Texas! Days 1 and 2--San Antonio Riverwalk and Padre Island National Seashore


Feb 21. We drove from the airport to downtown San Antonio and felt like we teleported to a foreign country, Old ornate buildings, Spanish style. There was the Alamo compound right in the middle of the city, graced by live oaks. The air was light and cool, and the historical ghosts whispered to us. We spent some time wandering around the compound, then we walked across the street and down the Hyatt steps to an entrance to the River Walk. We were first greeted by an enterprising barman who twisted our arms to get us to buy beers to drink while walking around. (We chose a Texan beer, Ziegenbock). We walked out into the river walk and I was just floored by how much more it was than I had expected. I was reminded of Venice. (the gondolas were replaced by water taxis). There is even a Bridge of Sighs. We managed to get mildly lost for a bit.

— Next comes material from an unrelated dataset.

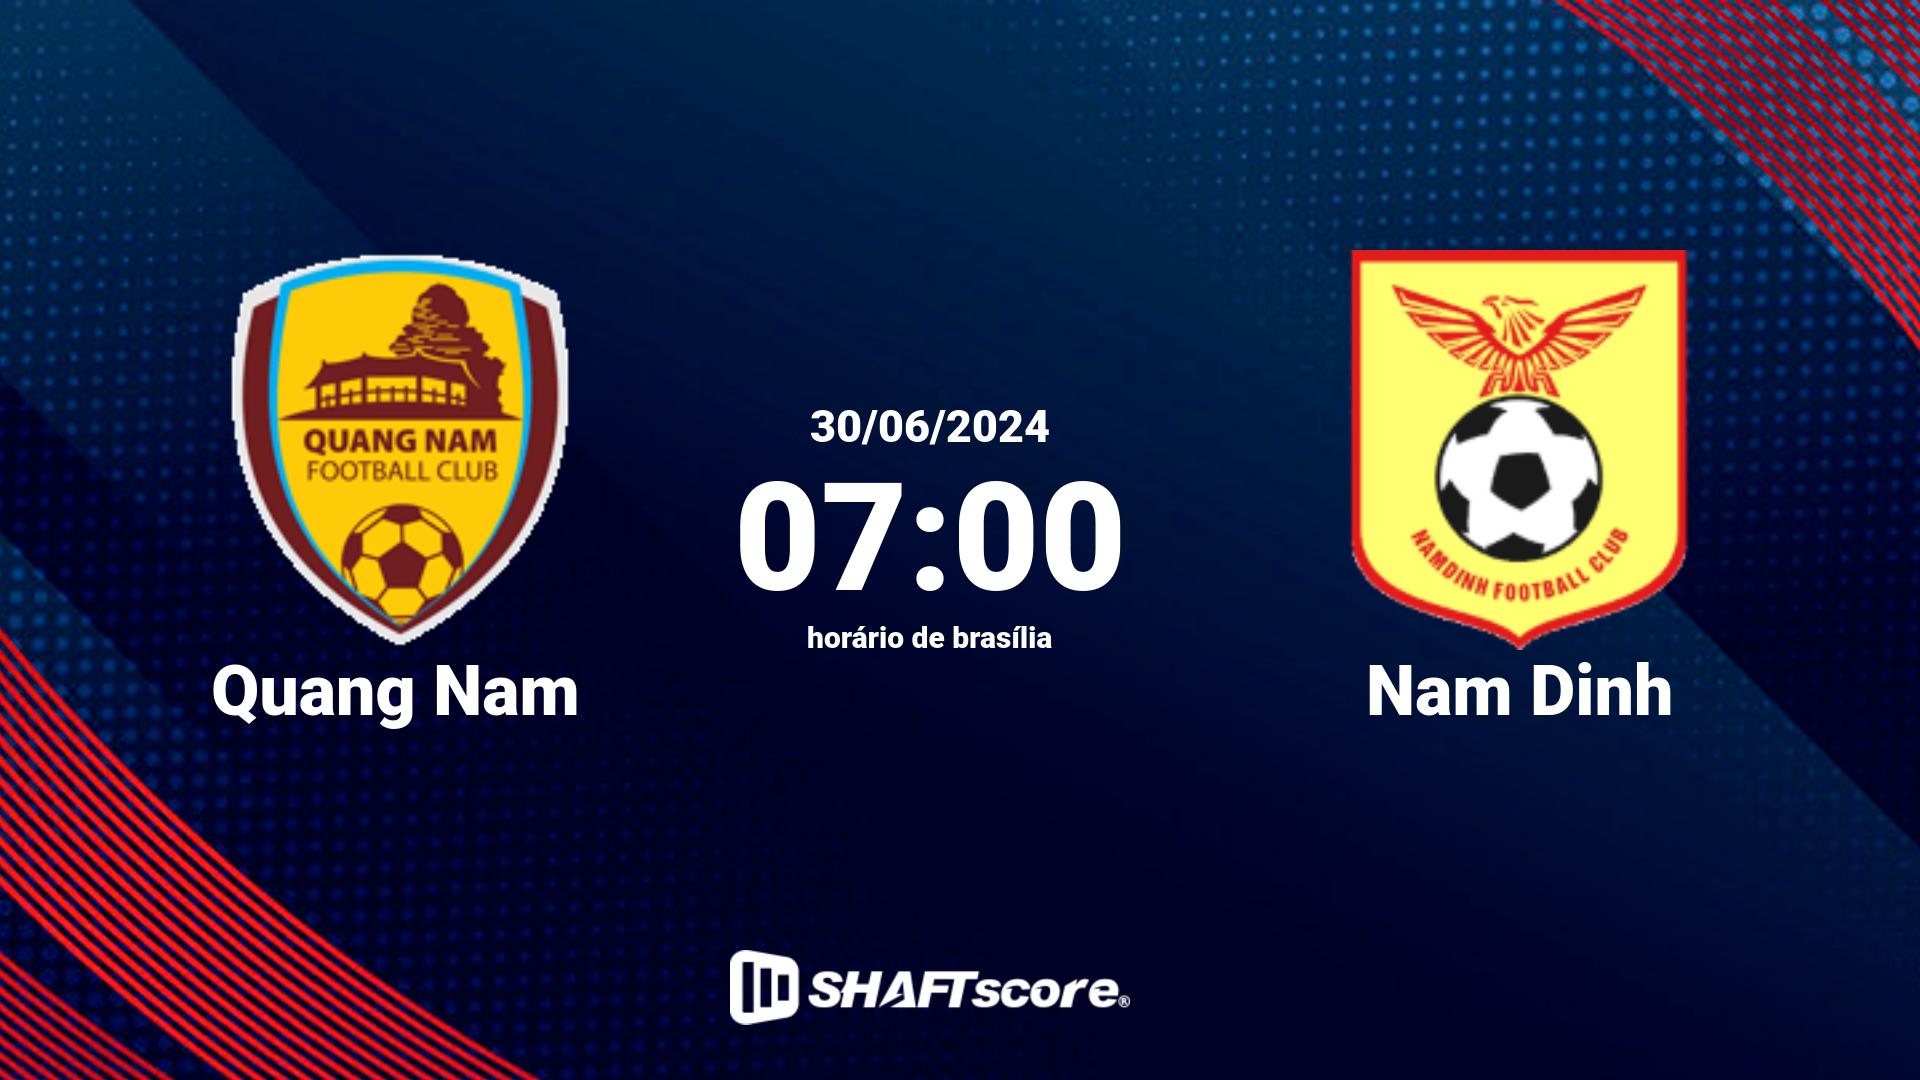 Estatísticas do jogo Quang Nam vs Nam Dinh 30.06 07:00

 We shared a meal at a Mexican restaurant, then dragged ourselves away from the beautiful river walk to drive down to Corpus Christie.

After checking into a VERY nice Hyatt Place we drove over to the National Seashore as the sun set. The surf had been monstrous today. There is a sand road on the beach, and you can car camp on the beach. However, today, the road was not looking very safe. The waves were coming up to it. The National seashore looked unearthly in the twilight with it's rolling dunes. We left as the darkness descended. We tried out Doc's, a seafood restaurant on the sound side of the island. We could see it, but had trouble getting to it. We had to cross under a bridge in the darkness, and had trouble seeing where was land and where was water. (When we saw it in the light the next day, we saw all was land, but at night it looked like water. We were just scaring ourselves). After we finally found the road and got to Doc's, we were very happy with our fish and ourselves.

Feb 22
We drove back to the Padre Island national seashore to see it in daylight. We played on the entrance sign doing yoga poses. It was hard not to get blown over while balancing in the wind. At the entrance station I bought my lifetime senior pass. We asked the ranger about the battery of cameras lining the road at the station. She explained it was a live feed to homeland security. Bobbi felt concerned about the goofy face she'd made while the cameras flashed last night.
We drove to the bird island basin where there was a small campground. That's about all we saw there. We drove on the the visitor center and beach. As we walked across the deck we saw a circle of people with a ranger. We stopped to listen and learned they were about to embark on a three hour birding tour, so we joined up. The volunteer ranger gave us a Walkie talkie and told us to follow closely in our car. We went back to the same area we'd just been and got our "bird eyes" on. She had given us a check list of birds we might see. We checked off 25 species! It was wonderful to really see. She also took us back to the drive on part of the beach, which was much better today, Bobbi bravely drove on the beach. People camped on the beach and fished. We saw a bird tangled up in a garbage bag. We had to tear ourselves away to travel on, but first stopped at another fish restaurant on the lagoon for fish and chips.